Saad’s The Evolutionary Bases of Consumption

Author

Jason Collins

Published

April 5, 2012

Over the last three to four decades, the social sciences have been subject to increasing examination under an evolutionary framework. Leading the charge into consumer and marketing theory has been Gad Saad, a pioneer of evolutionary consumer psychology who was responsible for the first evolutionary psychology papers to appear in any consumer and marketing journals.

The Evolutionary Bases of Consumption is Saad’s “academic book”, in which he argues that introducing an evolutionary framework into the analysis of consumer behaviour and marketing theory can provide an explanation for consumption patterns that cultural critiques struggle to provide. It is a convincing and thorough effort, and full of interesting references.

For someone familiar with the evolutionary psychology literature, many of Saad’s arguments do not come as a surprise. The value in Saad’s book is the detailed cataloguing of the literature behind many of the claims, rather than providing an easy front to back read. The description of it as an “academic book” is how I expect I will use it, as a source of arguments and references.

Saad uses consumption in the broad sense that an economist would, with it encompassing almost all human activities. He maps consumption across four Darwinian modules: reproduction, survival, kin selection and reciprocation. For reproduction, mating itself is a consumption choice, while consumption also serves as a signal to mates. Consumption underpins survival of both oneself and ones kin, with humans having evolved preferences for fatty foods, sugar and sharing with relatives. Consumption also forms the basis of many reciprocal relationships.

While Saad does not explicitly put the text into an economic framework, the analysis is ripe for economic applications. Consumption is shaped by preferences shaped by evolution. Saad has provided much material that could be used in examining those preferences, and the book provides many interesting hypotheses that economists might find value in testing.

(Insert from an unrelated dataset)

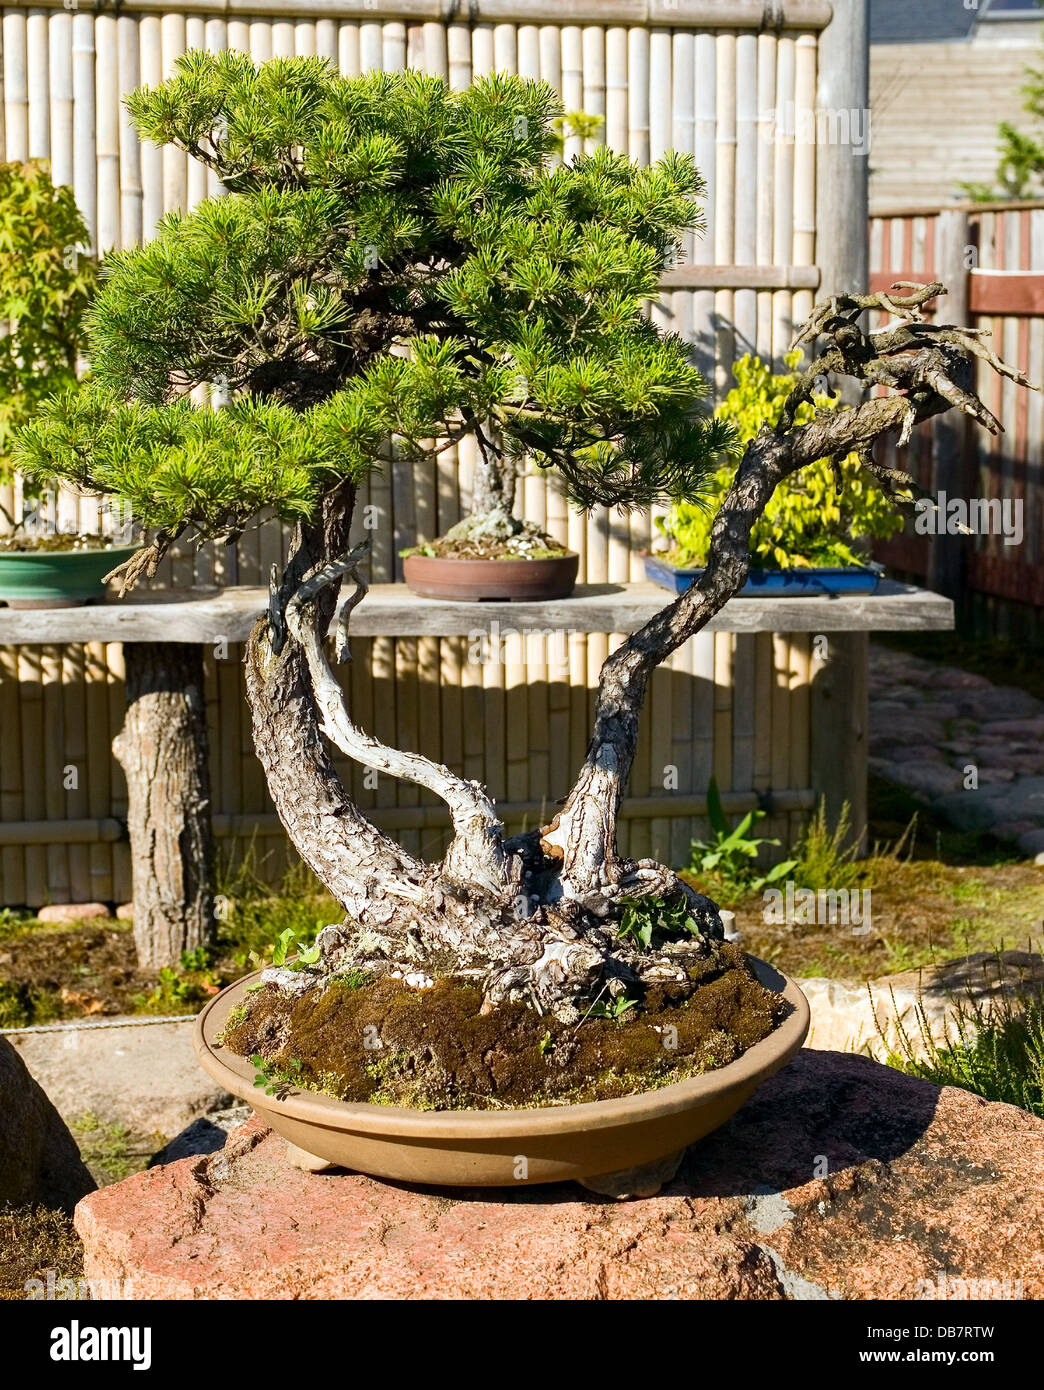 Bonsai in the pot is placed on garden of japanese Stock Photo

Given the depth of the literature already in place in these fields, much of the book involves a critique of findings developed under the standard social science model, which involves assumptions such as the malleability of human nature and a belief that culture cannot be broken down into components. For example, in Saad’s discussion of advertising, it is noted that women in advertisements tend to be young and attractive, the men older than the women, the men taller than the women and so on. This pattern is present across societies, and any cultural explanation concerning trained gender roles suffers from trying to note why there are universal patterns across such seemingly diverse cultures.

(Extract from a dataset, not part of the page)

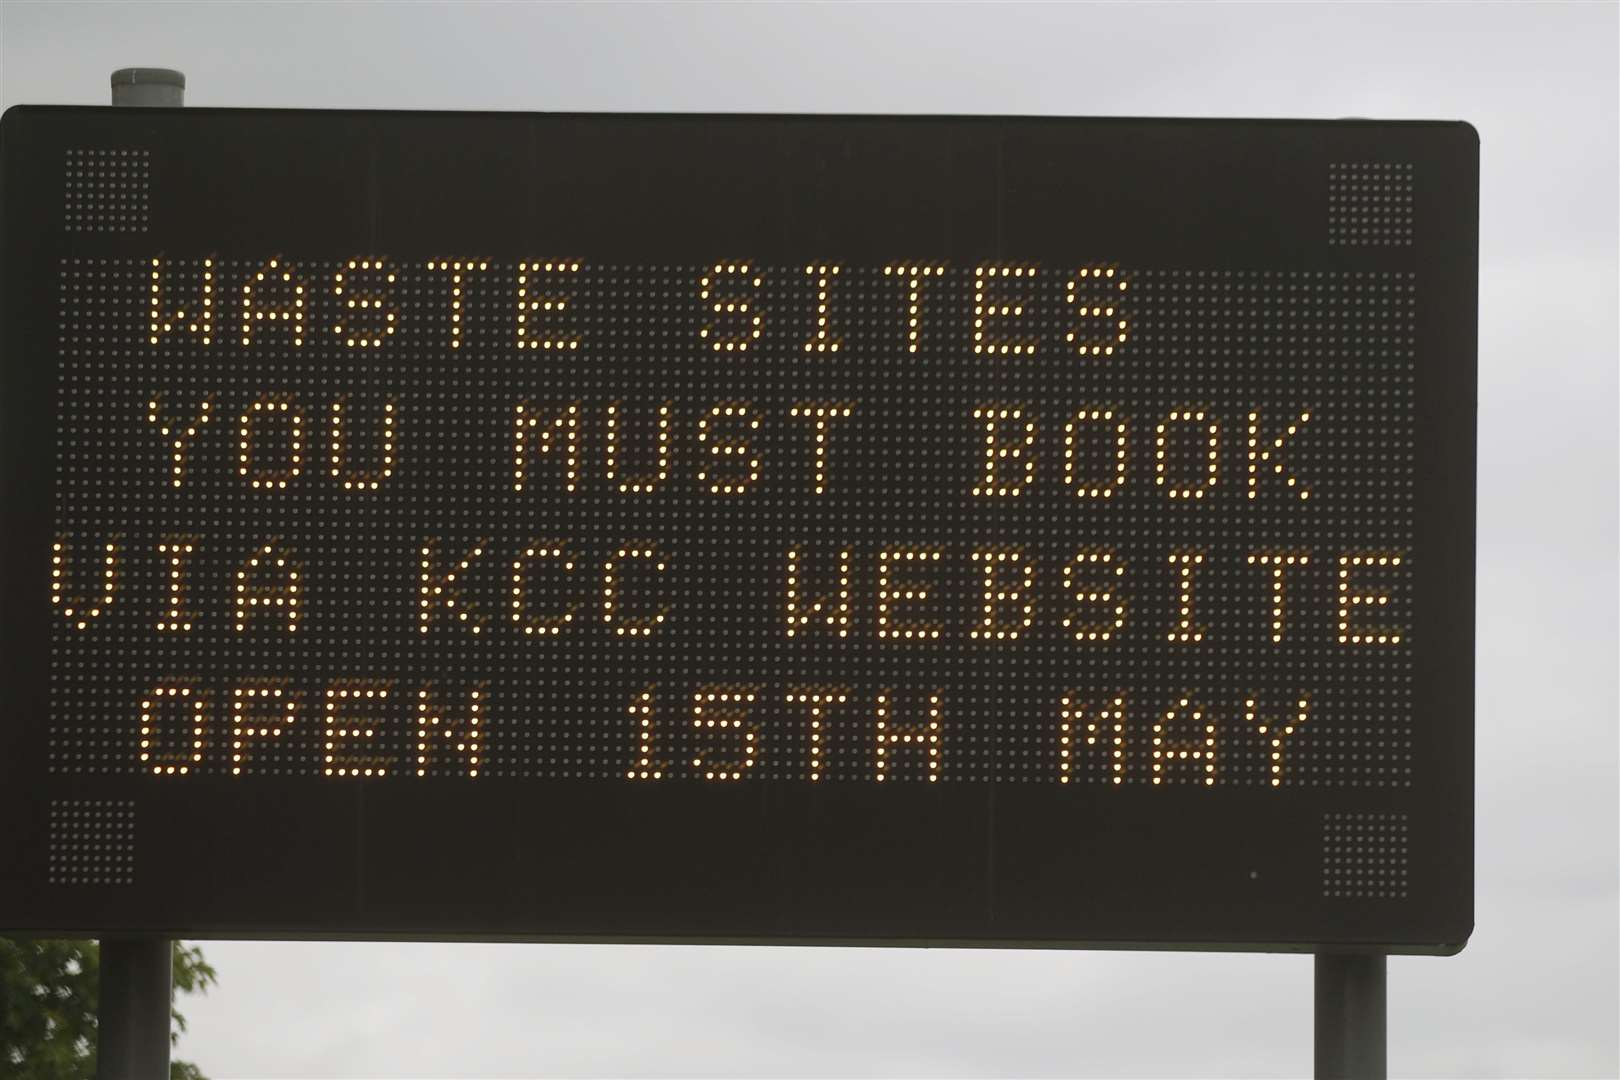 Signs were activated in May 2020 when tips re-opened during the first lockdown, but with a strict booking system

My main critique of the book is related to a mismatch between what I expect were Saad’s objectives in writing the book and what I wanted to get out of it. For an outsider with no familiarity with the literature in the consumer behaviour and marketing fields, there was questionable value to having the existing academic approaches explained only for them to be pulled down again. It was important for Saad to address these academic approaches, reflecting years of battles to have evolutionary psychology accepted in the consumer and marketing fields. However, it means that the evolutionary framework gets less space than it should.

The evolutionary explanations also get less space than might be expected simply due to the state of the field in 2007. Many of the arguments made by Saad, while logical under an evolutionary framework, had not been fully tested at the time of writing. Even though the book is only five years old, it already feels like there is much new literature that could be included to bolster the arguments. Many of Saad’s conjectures have now been tested (often by himself) and the book would benefit from their inclusion. Due to this, I hope that there is second edition of this book planned. This might also provide the opportunity for the book to be more forward looking and set its own agenda without having to spend so much time dealing with the failings of the consumer and marketing fields.

I should also note that I have not yet read Saad’s The Consuming Instinct: What Juicy Burgers, Ferraris, Pornography, and Gift Giving Reveal About Human Nature. Released last year and benefiting from much of the more recent research, I have been told it is worth the read.